SkillDB 作者 Alireza Rezvani v2.1.1

Autonomous experiment loop that optimizes any file by a measurable metric. Inspired by Karpathy's autoresearch. The agent edits a target file, runs a fixed evaluation, keeps improvements (git commit), discards failures (git reset), and loops indefinitely. Use when: user wants to optimize code speed, reduce bundle/image size, improve test pass rate, optimize prompts, improve content quality (headlines, copy, CTR), or run any measurable improvement loop.
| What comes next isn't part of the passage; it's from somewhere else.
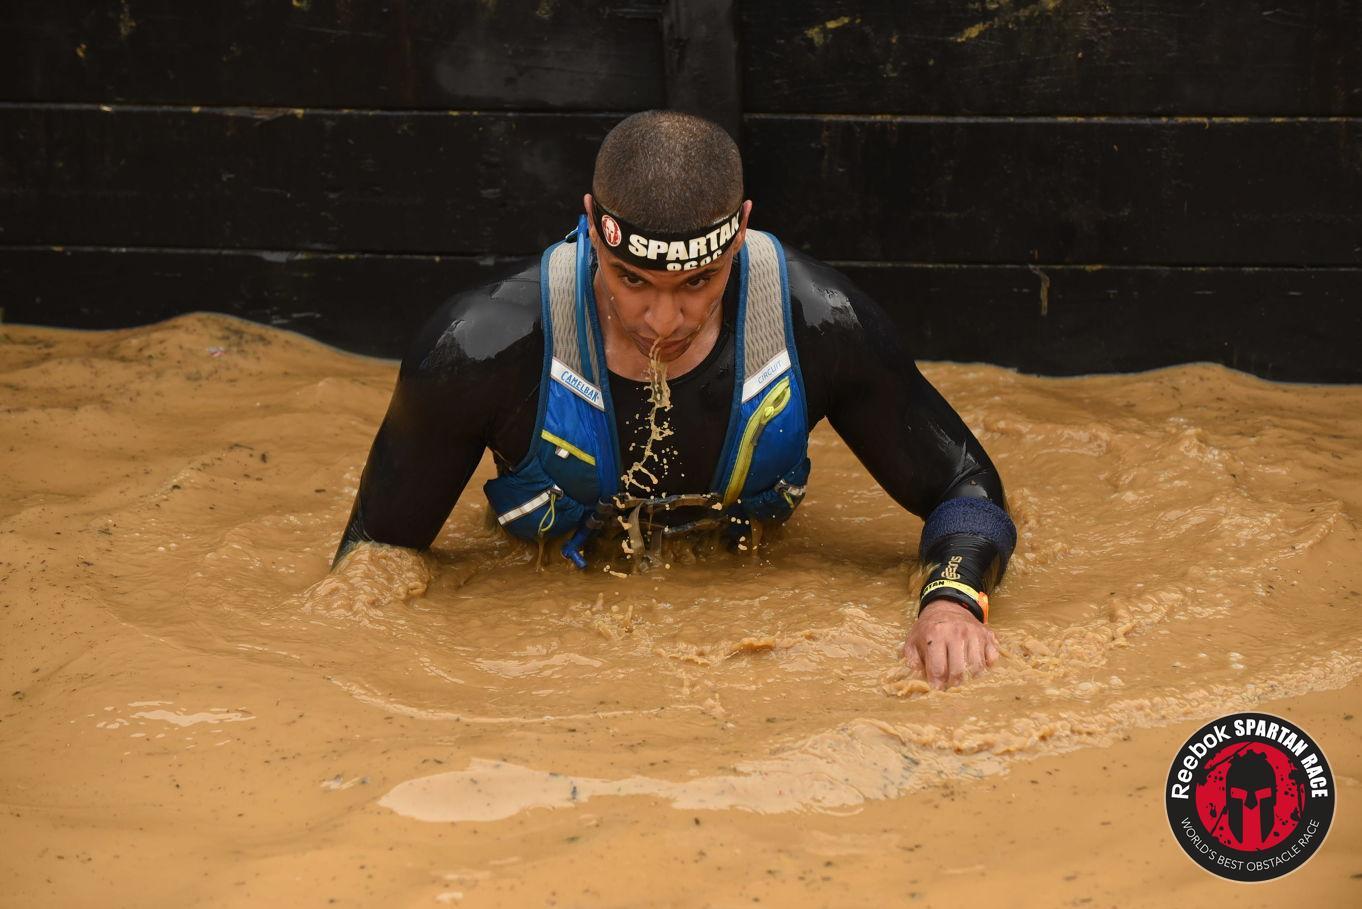 spartan-race-beast-nj-2017

Requires: a target file, an evaluation command that outputs a metric, and a git repo.

源码 ↗

安装 / 下载方式

TotalClaw CLI推荐

totalclaw install skilldb:alirezarezvani~autoresearch-agent

cURL直接下载，无需登录

curl -fsSL https://skills.taituai.com/api/skills/skilldb%3Aalirezarezvani~autoresearch-agent/file -o autoresearch-agent.md

Git 仓库获取源码

git clone https://github.com/openclaw/skills/commit/8e579a9e1cbf9d56a8ce850bde7a40675a11a73e

# Autoresearch Agent

> You sleep. The agent experiments. You wake up to results.

Autonomous experiment loop inspired by [Karpathy's autoresearch](https://github.com/karpathy/autoresearch). The agent edits one file, runs a fixed evaluation, keeps improvements, discards failures, and loops indefinitely.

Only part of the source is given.